Backend incident
Incident Report for Yuso
Postmortem

SUMMARY

On the 2nd of July, we experienced issues to display drivers details and statistics via Yuso main backend. This didn’t not impact the riding dispatch process.

ROOT CAUSE ANALYSIS

The database containing drivers statistics started to respond slowly on the 1st of July. One of the index became too big and started overloading one of the database node, increasing the response time. To cope with that overloading, we upgraded the cluster on the 1st of July to ensure the response time would be back to normal, and to let us work on the root cause.

Unfortunately we couldn’t perform the upgrade completely on the 1st of July due to the big index. This caused the cluster to stay in a temporary state.

On the 2nd of July, the load increased due to the business activity, we then experienced the same issue, leading our clients to not being able to display drivers details on our main backend.

We first tried to clean up the index to reduce its size, but this operation was too slow. We then switch to a new cluster with minimal data to ensure the response time was back to normal, and started to transfer necessary data.

STEPS TO RESOLUTION

Steps taken to diagnose, assess, and resolve:

  • 8h30 - Notified about the issue by our error monitoring
  • 8h35 - Started investigation and linked the issue to the cluster state
  • 9h03 - First call from Marcel for some slowness when displaying drivers details
  • 9h30 - Started index clean up of old documents
  • 9h43 - Switched to a new index to unload the current index
  • 12h58 - Decreased timeout when calling drivers statistics on our main backend
  • 13h07 - Set up a new cluster
  • 13h40 - Switched microservices to the new cluster and started data transfer
  • 15h01 - Switched the last microservice on the new index

LEARNINGS & NEXT STEPS

This issue was known as this index has been growing consistently since its first release. Though we did not think we would face this situation so soon. This feature was released in 2018 and had a design misunderstanding we couldn’t deal with without heavy work. This wasn’t an issue until we came close to a critical size threshold.

We now have a clean configuration on which we can easily work on, and a smaller set of historical data. We decided to reduce our historic time window, a huge one being useless for our clients.

The last step is to work on a automatic rolling index to ease and speed up our maintenance process. By working on smaller chunks of data, we will not only decrease the overall response time, but it will also greatly reduce our maintenance toil.
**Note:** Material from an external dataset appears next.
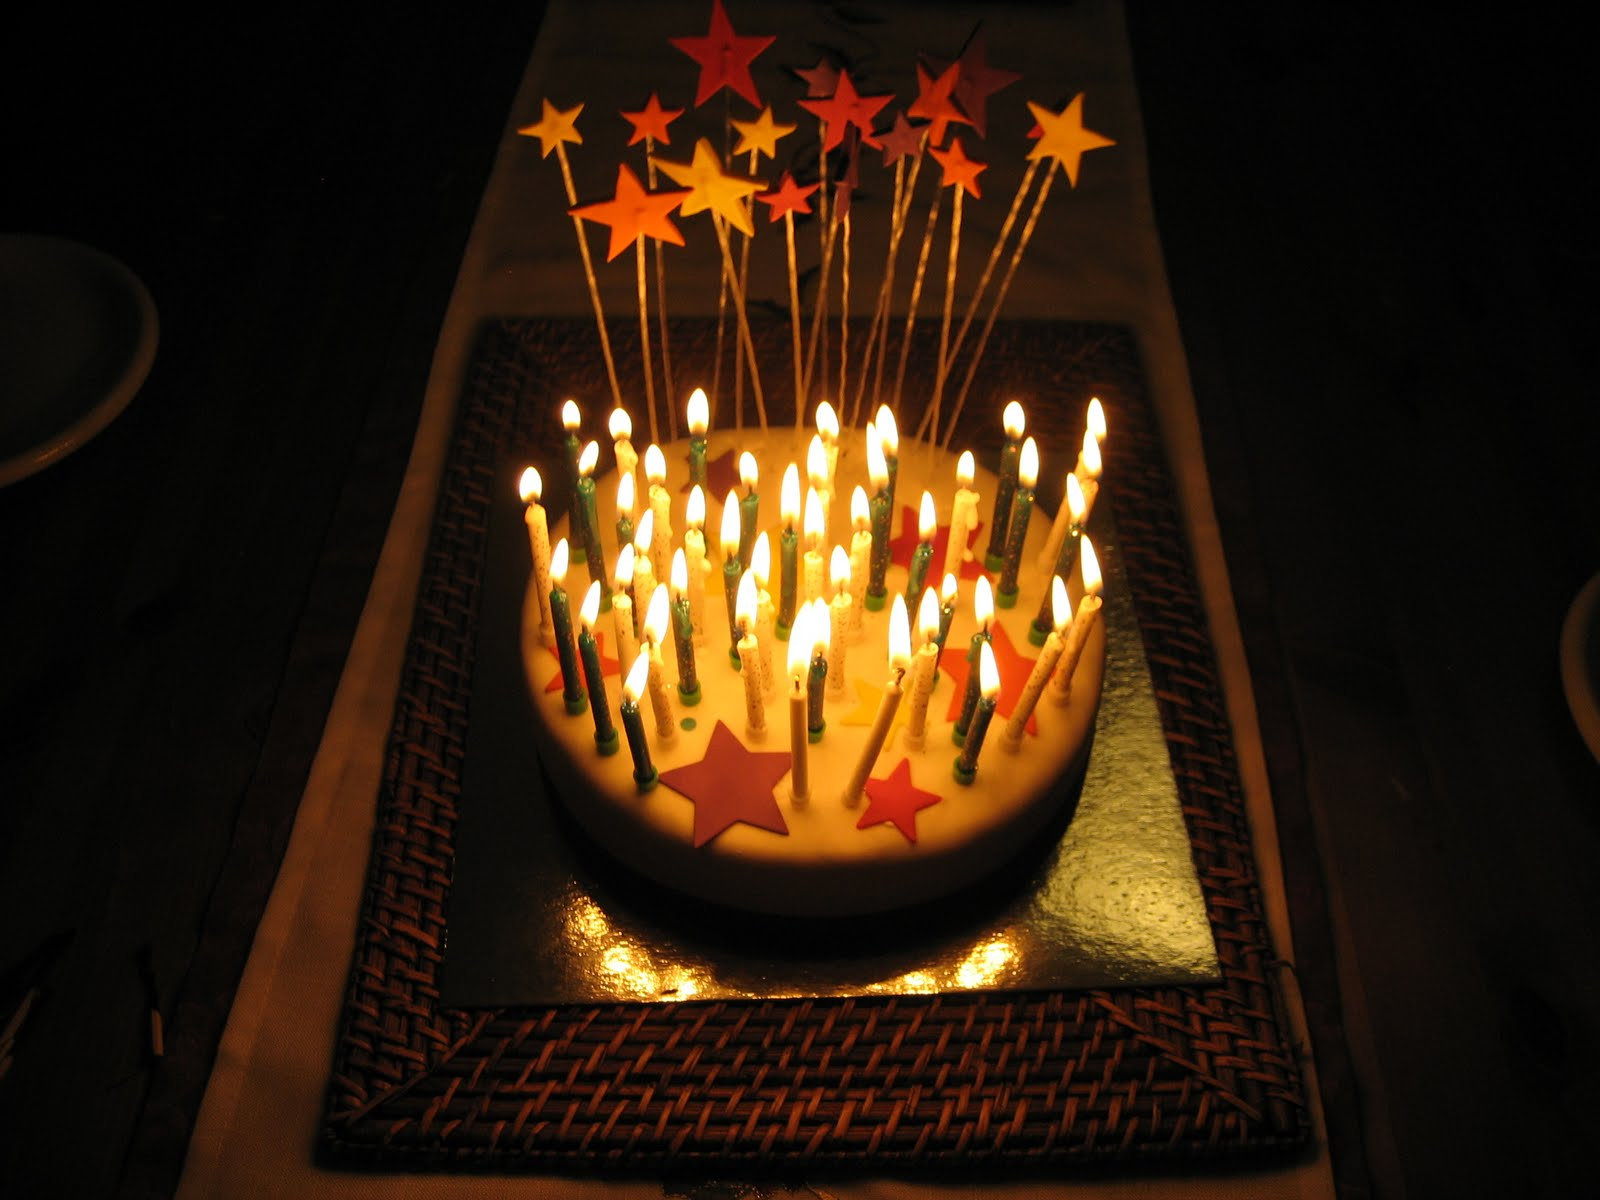 Images Birthday Cake On Fire : DarkDwarf Blog: Birthday Cake / Fire Hazard
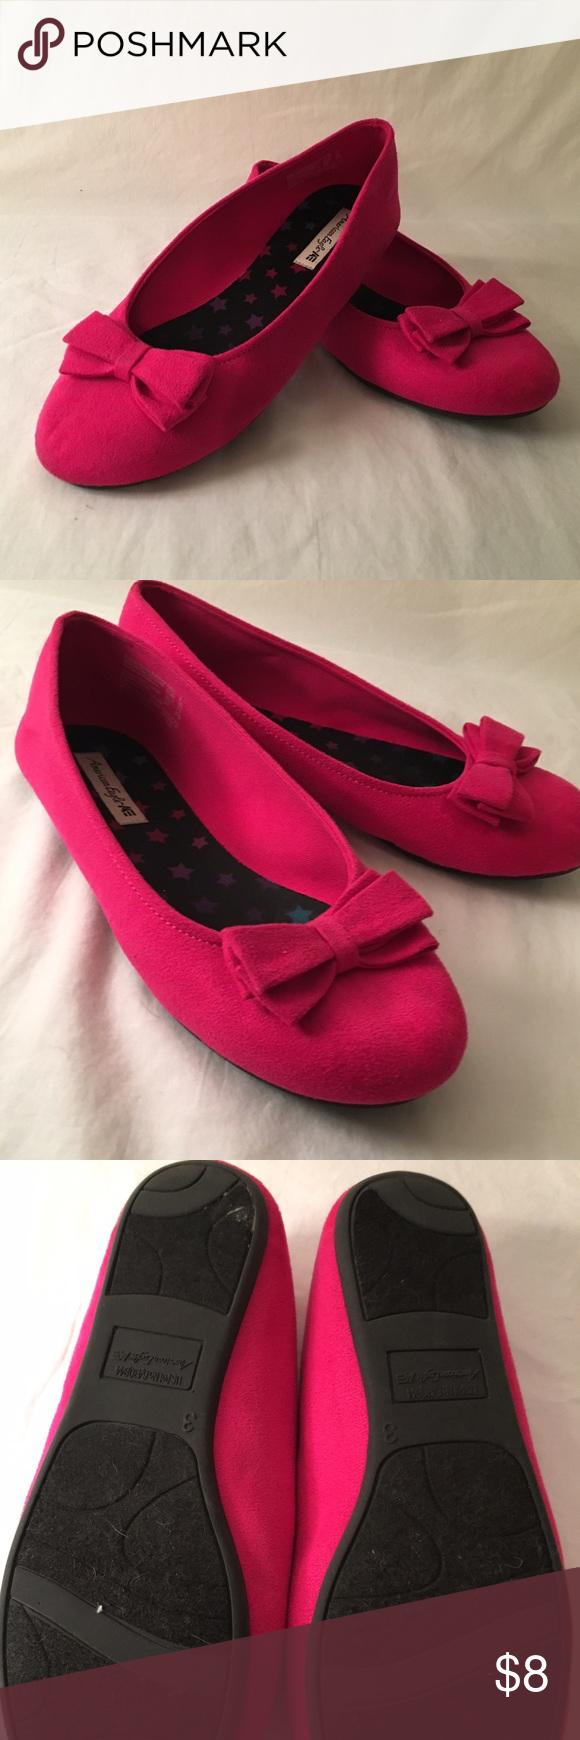 Hot pink dress shoes  American Eagle Pink Ballet Flat girls sz  Like New Girls Hot Pink

Posted Jul 06, 2020 - 11:08 CEST

Resolved
The issue is now resolved.

Drivers acceptance statistics and connection time are nearly up to date as the transfer process is reaching its end.
Posted Jul 03, 2020 - 06:33 CEST
Update
Latency issues have been resolved, the dashboard operations are now back to normal.
In the meantime, the drivers acceptance statistics and connexion time are unavailable or invalid.
We are currently fixing this issue and monitoring the situation.
Posted Jul 02, 2020 - 14:01 CEST
Monitoring
Latency issues have been resolved, the dashboard operations are now back to normal.
In the meantime, the drivers acceptance statistics and connexion time are unavailable or invalid.
We are currently fixing this issue and monitoring the situation.
Posted Jul 02, 2020 - 14:01 CEST
Identified
The issue has been identified very quickly after the start of the investigation: the database used to store drivers statistics is responding very slowly.
We are still taking actions to solve the root cause, but in the meantime we deployed a fix to mitigate the slowness encountered by the users.
Posted Jul 02, 2020 - 13:14 CEST
Investigating
We're experiencing an incident on our Yuso backend and are currently looking into the issue.

Do not hesitate to contact us for further details at help@yusofleet.com.
Posted Jul 02, 2020 - 10:55 CEST
This incident affected: Back Office (Dashboard).